Aside from digital literacy, other issues surrounding digital connectivity abound. Burnout from online classes, cyberbullying and other mental health concerns, social media responsibility, cybersecurity, and the youth’s increased vulnerability online are among the issues to address.
PLDT-Smart’s head of stakeholder management of corporate communications Stephanie Orlino emphasized the importance of keeping children safe online. The telco’s platform reportedly has been able to block over a billion attempts to access URLs containing child sexual abuse materials—terrifying proof that more work needs to be done to ensure internet safety for all.
Likewise, Globe launched their Make IT Safe PH program, which aims to help parents and guardians stay updated on threats and dangers online. This includes informing adults about the language used online, to help them spot and flag potentially threatening content or conversations from their children. This is especially relevant as most youth interactions now happen in various online spheres.
Despite the challenges, the potential and benefits of online learning seem to outweigh the difficulties. For instance, online learning has made it possible for us to review and implement new forms of learning. Wider implementation of educational programs online also opened opportunities for those out of school, or those interested in upskilling, to continue learning, in their own time and space.
Cara Wilson, co-founder and executive director of For The Women (FTW) Foundation, notes how most of their successful graduates are actually those who are returning to the workforce after having been stay-at-home mothers. “I think it’s also because… they know exactly what they want and so they go for it in the way that we encourage very much. We look for these gritty, career-driven [people] at FTW,” she says. FTW helps upskill Filipinas through training scholarships in technology.

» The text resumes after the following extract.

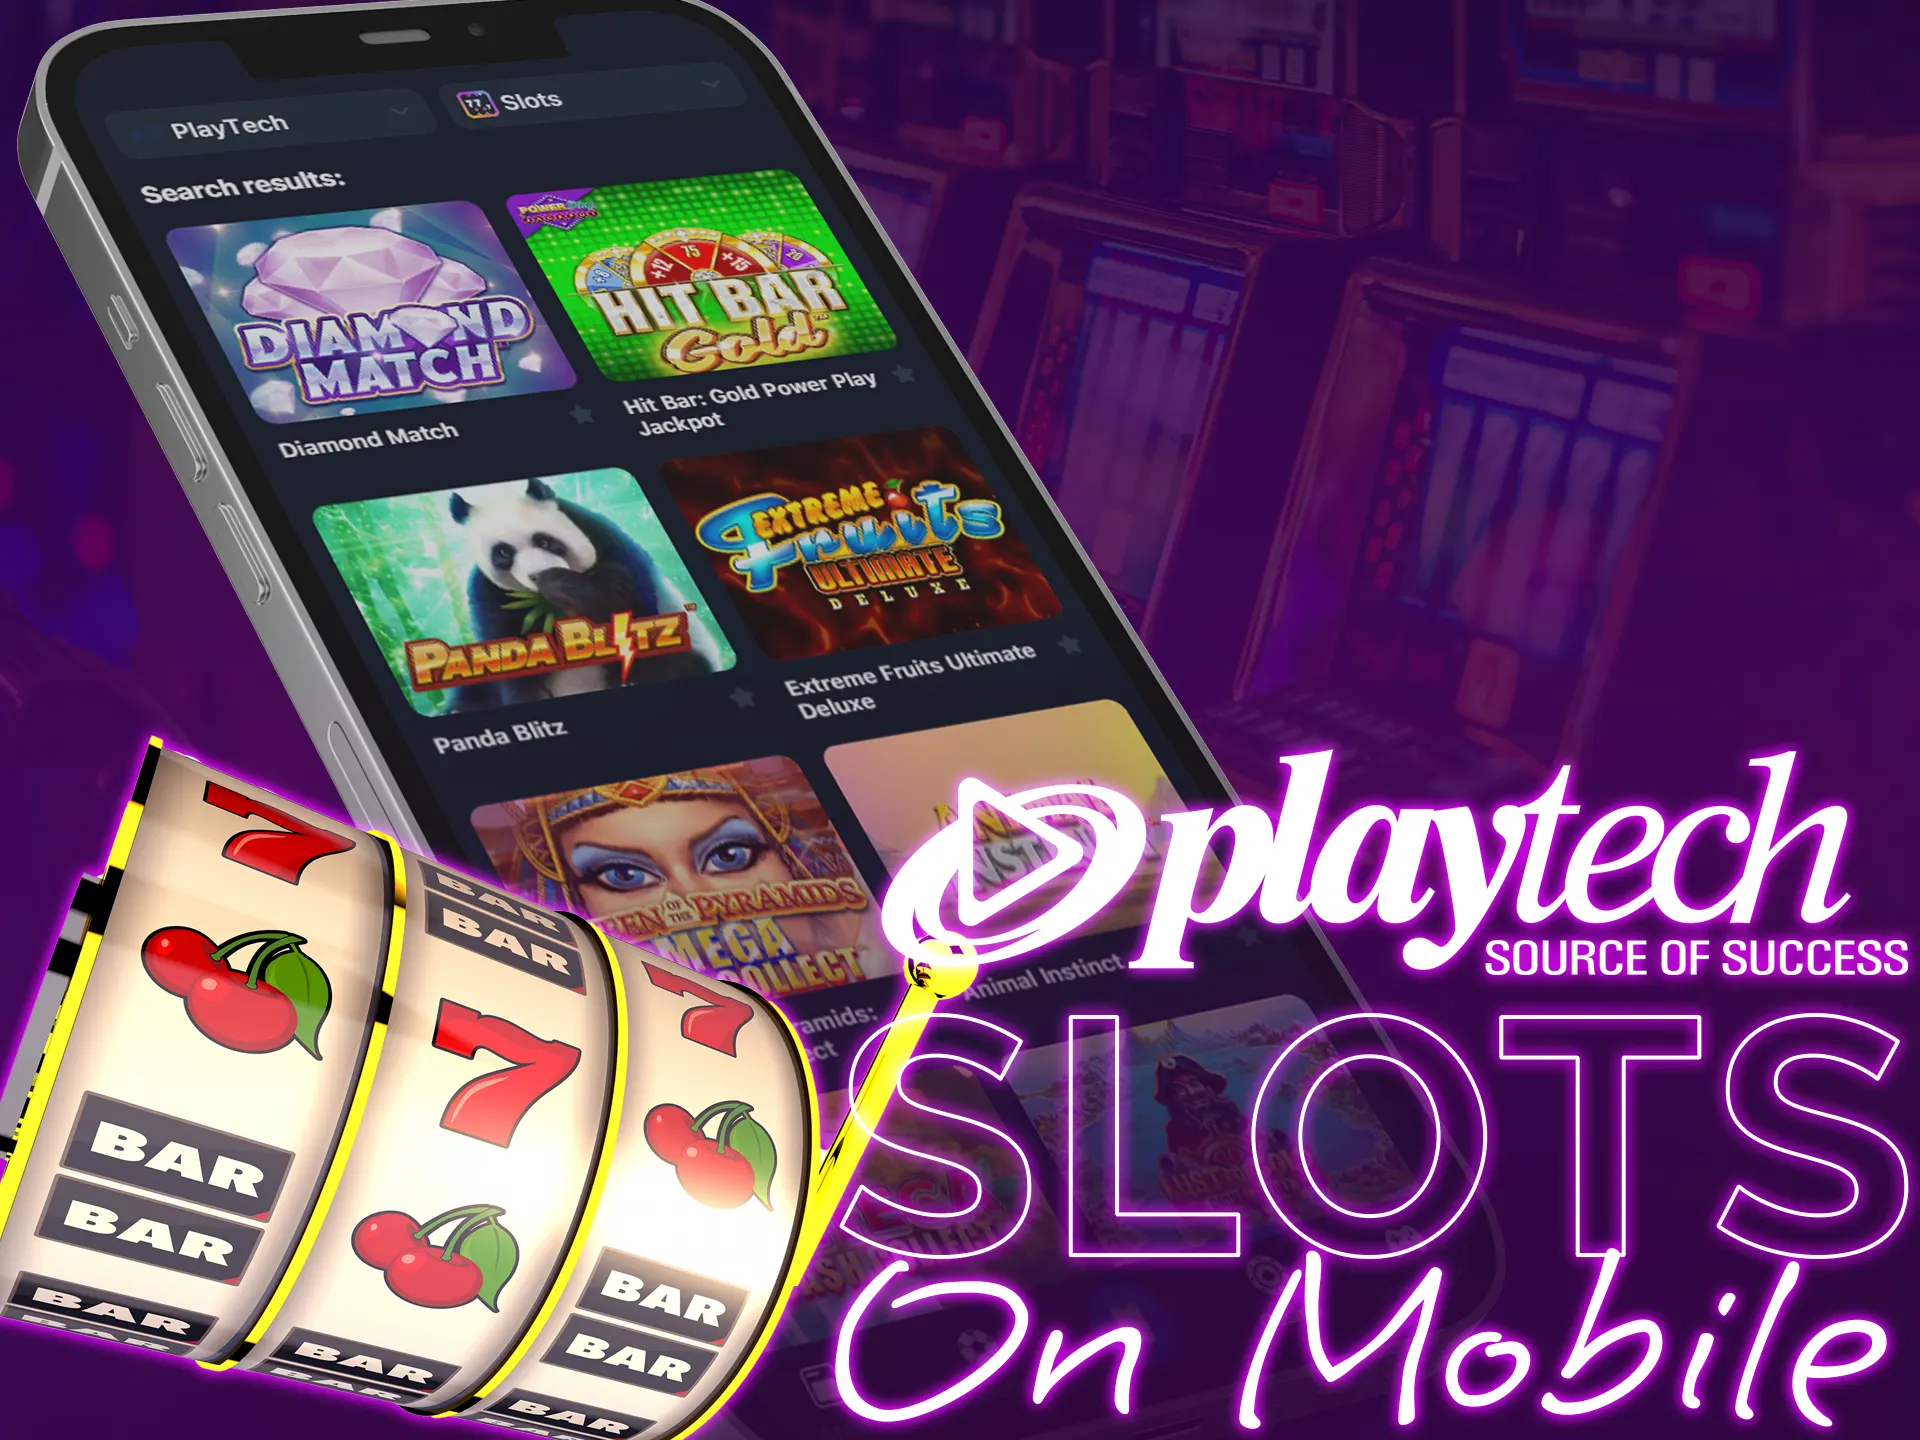 Use the option to play slots from mobile devices.

Orlino echoes this, saying, “I think the shift to online or distanced learning has made it easier and more attractive to finish your studies or pursue secondary studies. And with the opening up of the informational gateway which is enabled by technology, there’s now a wider range of content that can be pursued aligned with your varying interests.” Making access to educational content easier financially and with more flexible hours, she says, helps in encouraging lifelong learning.

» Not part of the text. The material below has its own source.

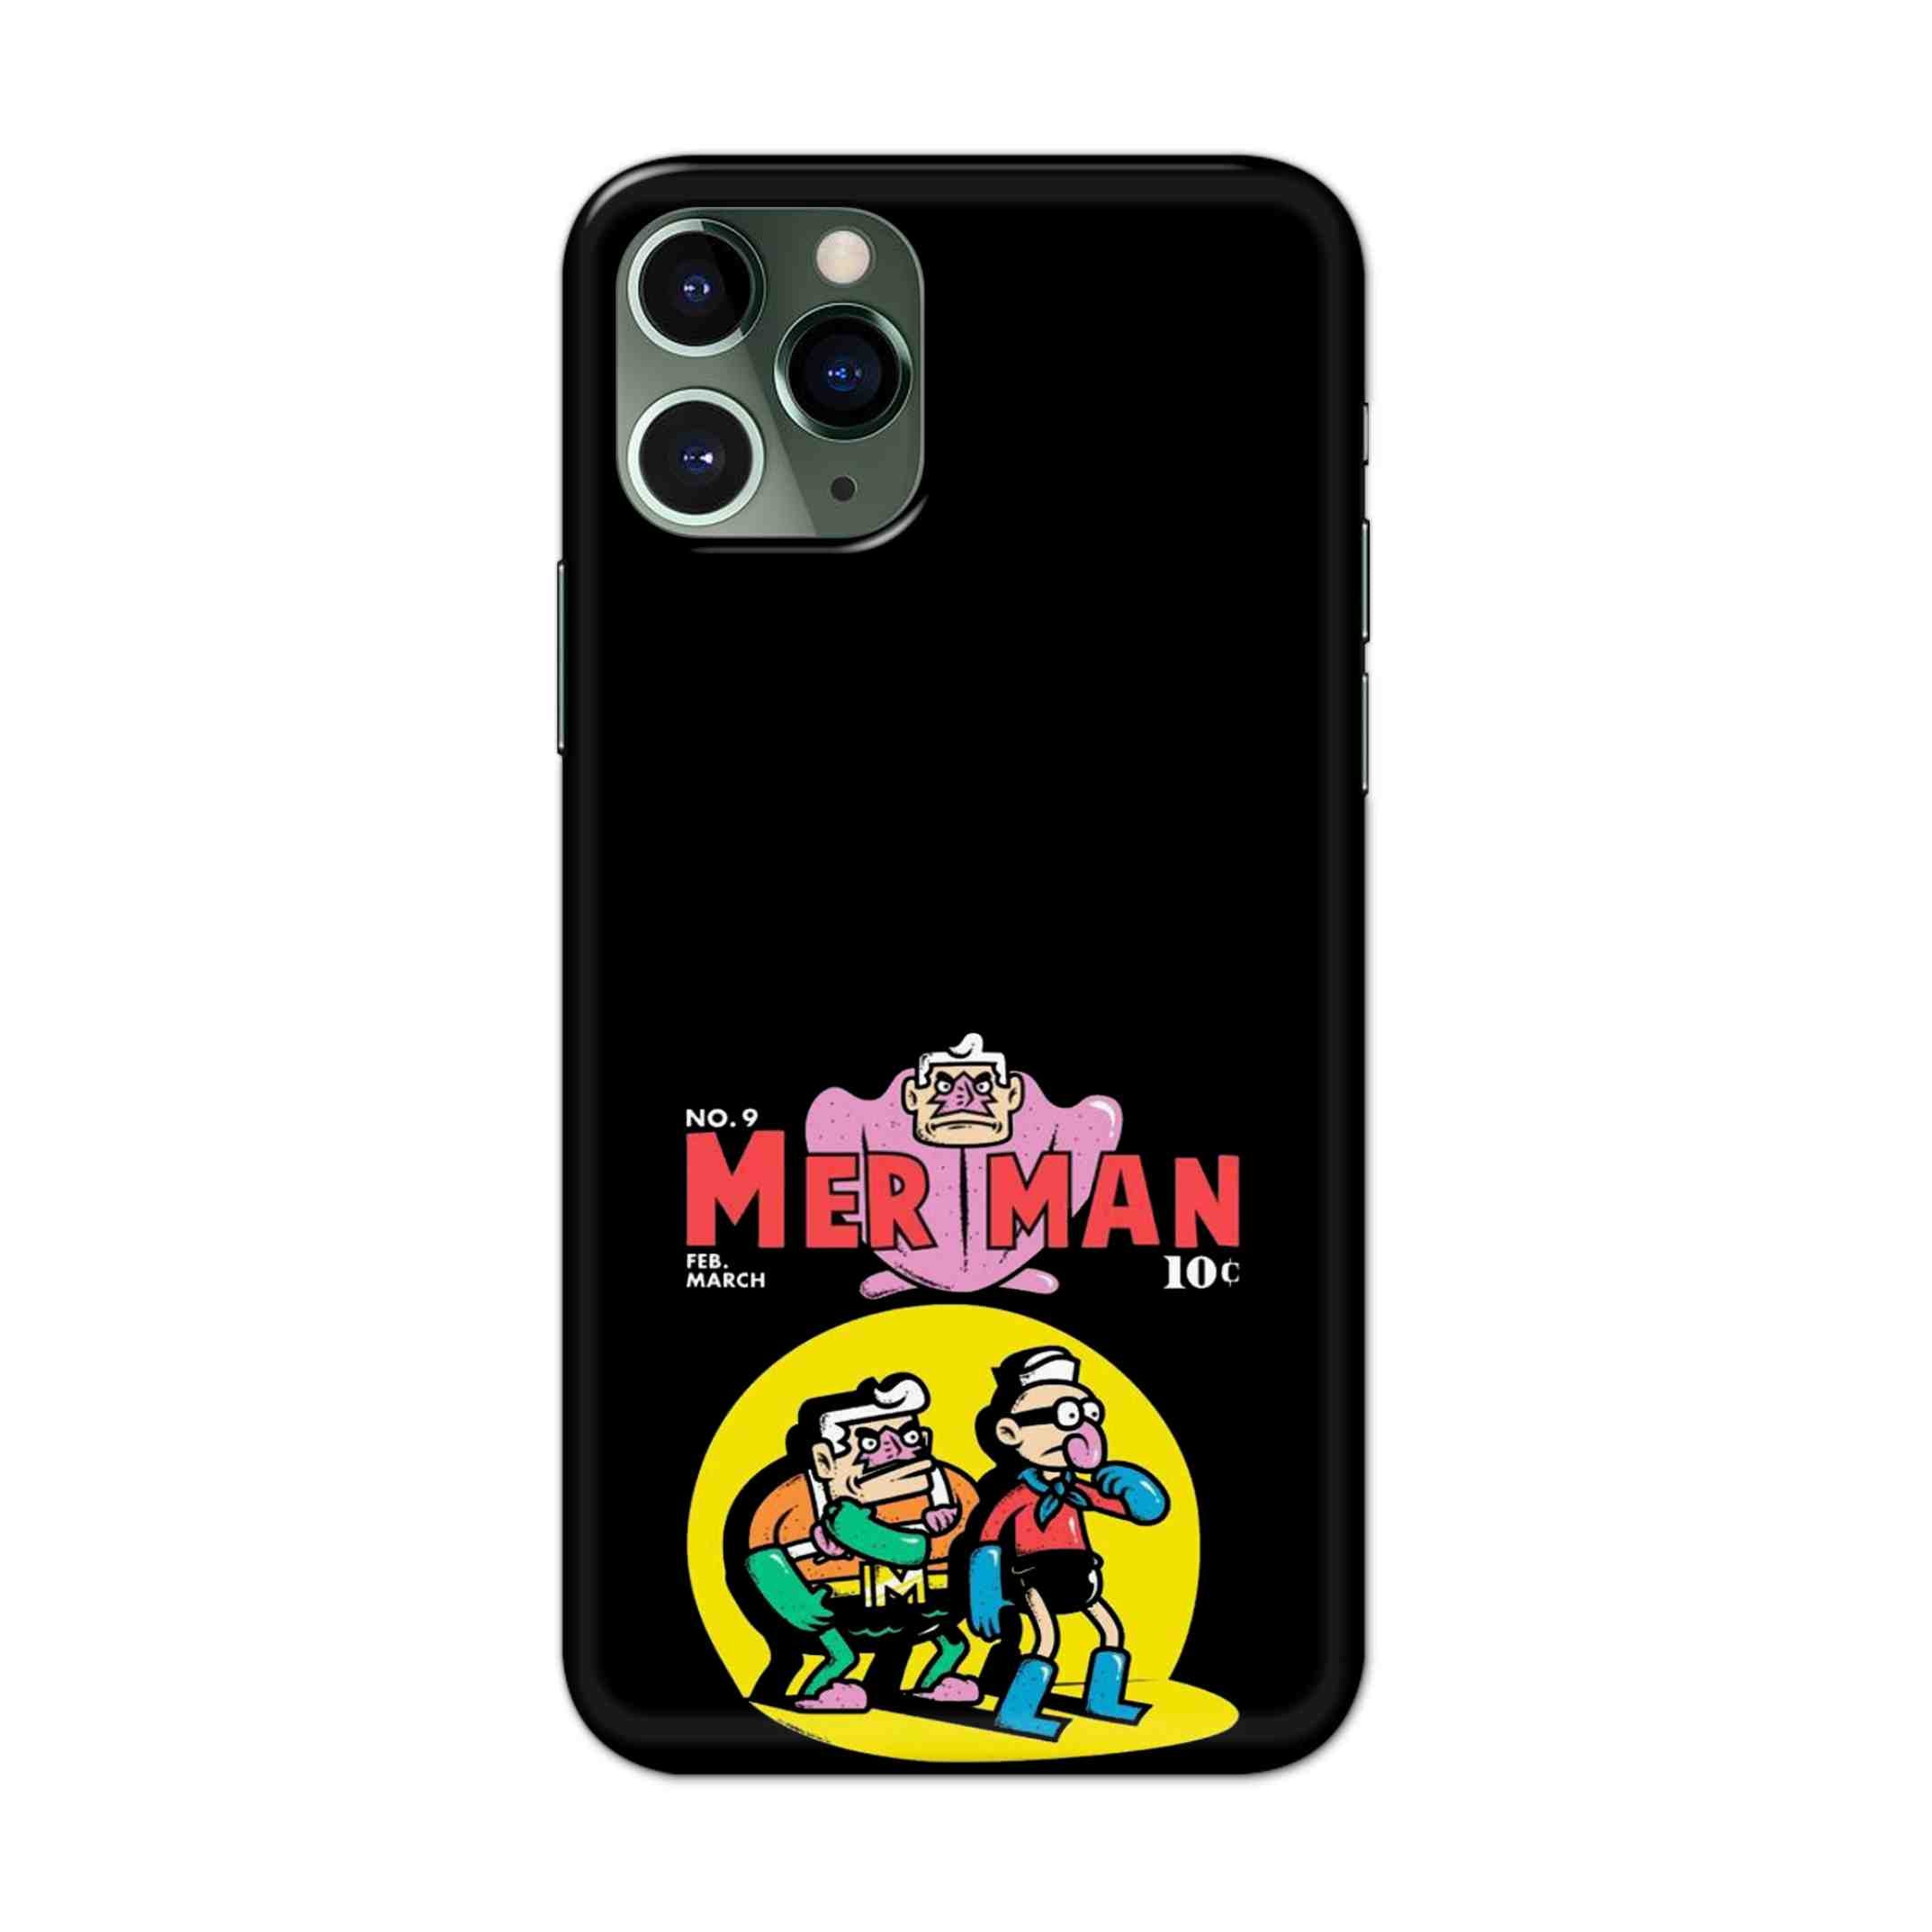 Buy Merman Hard Back Mobile Phone Case/Cover For iPhone 11 Pro Online

But aside from online courses and educational content, establishing easily accessible training programs on various platforms can also help. Dir. Lorenzo Emanuel Guillermo, executive director of the qualifications and standards office of TESDA, shares that the agency is able to cater to a wide age range of learners, from senior high school students and out-of-school youth who need to start working, up to retirees who are in need of entrepreneurial skills for their retirement business plans.
“The importance of this became even more apparent during the pandemic, with even professionals establishing their own businesses and OFWs who were left without jobs. They were forced to find alternative ways to get employed,” Guillermo says. “In TVET (technical vocation education and training), we don’t see the stigma of a young and an old learner going back to school.”
With myriad learning opportunities available now, other educators and education experts also emphasize the importance of equipping younger learners with not just knowledge, but the proper influence.
Enverga notes that despite having a new generation of learners, today’s kids retain the same typical work aspirations. He attributes this partially to the tendency to stick to the familiar, but also the influence parents and guardians have on their children. “Whatever jobs are valued most by the generations of today’s parents, those same values significantly influence today’s youth,” he says.
Echoing a point in Zamora’s keynote speech about how easily impressionable and influenceable children are, Enverga encourages fellow education stakeholders to “expose them at a young age to jobs that our country needs for the future, not only for the trending digital economy… but also for jobs in the green economy.”